Saw the 2012 F85 in blue in my LBS the other day. It looks really sweet and the new tapered head tube, straight fork and fatter downtube are an improvment looks-wise on the 2011 model. Still prefer the charcoal/green/white colour scheme of my 2011 though.


----------



## Superdave3T (May 11, 2009)

bobones said:


> The 2012 frame has a tapered 1.125" -> 1.5" straight blade fork, 2011 has 1.125" curved fork. 2012 has a Microshift front derailleur instead of 105 in 2011. 2012 has Sunrace cassette instead of 2011's 105 cassette. The Felt site had the 2011 56" F85 at 19.41lbs (8.82kg) whereas the 2012 is quoted at 19.98lbs (9.08kg).

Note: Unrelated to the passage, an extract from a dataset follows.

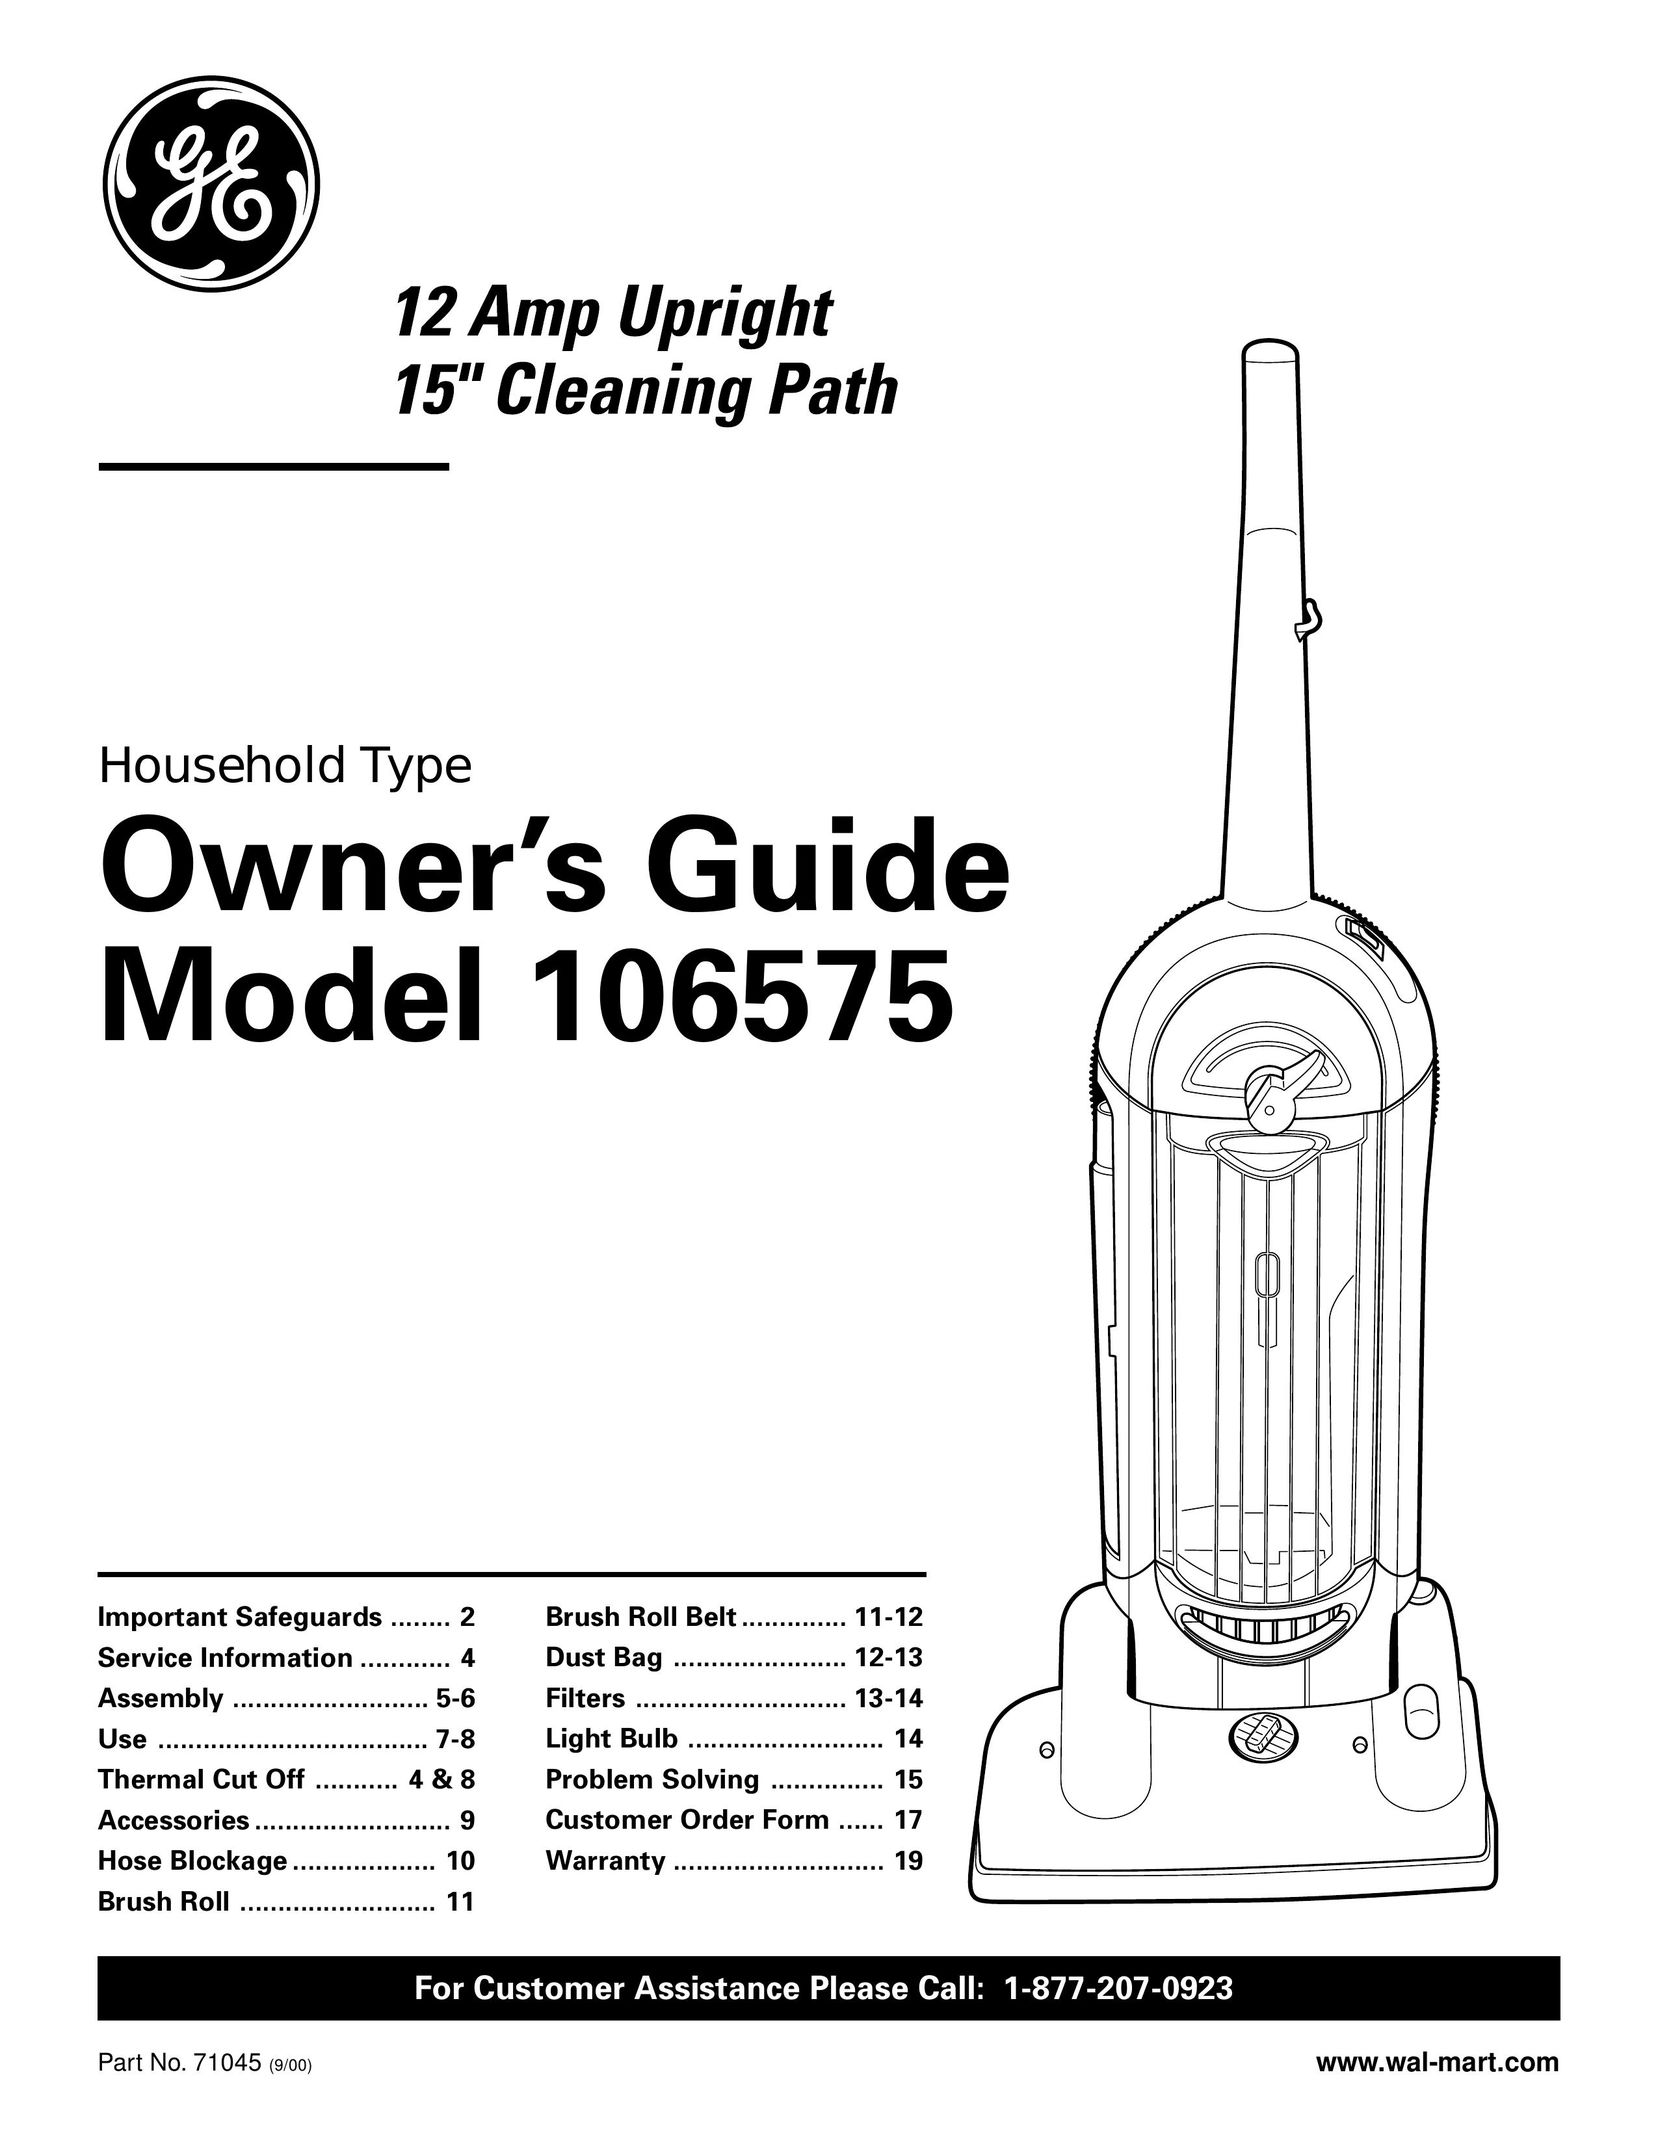 GE 106575 Vacuum Cleaner User Manual

2012 comes with a Shimano CS-4600 cassette, not SunRace.

-SD


----------



## arctic biker (Jul 31, 2008)

*Felt Variable Shape Ergonomic Drop,*

Got my F85 2 weeks ago, not yet being able to drive it, here in Finland is winter!
This is completely white,even brakes and 2011 model.. Carbon seatpost looks nice in my hardtail, rather comfortable too. Hardtail was kind enough to give his Ritchey carbon post to Felt. Looks nice too

Maybe Superdave knows how much drop and reach there really is?

Martti
Finland,


----------



## Superdave3T (May 11, 2009)

arctic biker said:


> Got my F85 2 weeks ago, not yet being able to drive it, here in Finland is winter!
> This is completely white,even brakes and 2011 model.. Carbon seatpost looks nice in my hardtail, rather comfortable too. Hardtail was kind enough to give his Ritchey carbon post to Felt. Looks nice too
> 
> Maybe Superdave knows how much drop and reach there really is?
> ...


The reach and drop on our VS (variable shape) handlebars is, well; variable. It depends on the size. Each width has it's own specifc tooling and bend shape, the narrower the bar, the shorter the reach and shallower the drop.

-SD


----------



## arctic biker (Jul 31, 2008)

*variables*

I know in theory how to measure drop but my results with this handlebar have been variable... 42 cm.

I will next week get pair of cx-tyres, interesting to see will they fit. They should be under 30mm widht and height .Roads are icy and lots of snow of course. Riding season starts earliest in the end of march. Too bad I have one operation coming and hopefully in june back to road. Would be nice get some experience on bike.

And I just found ask felt thread. Wonderful service, I must say
Martti


----------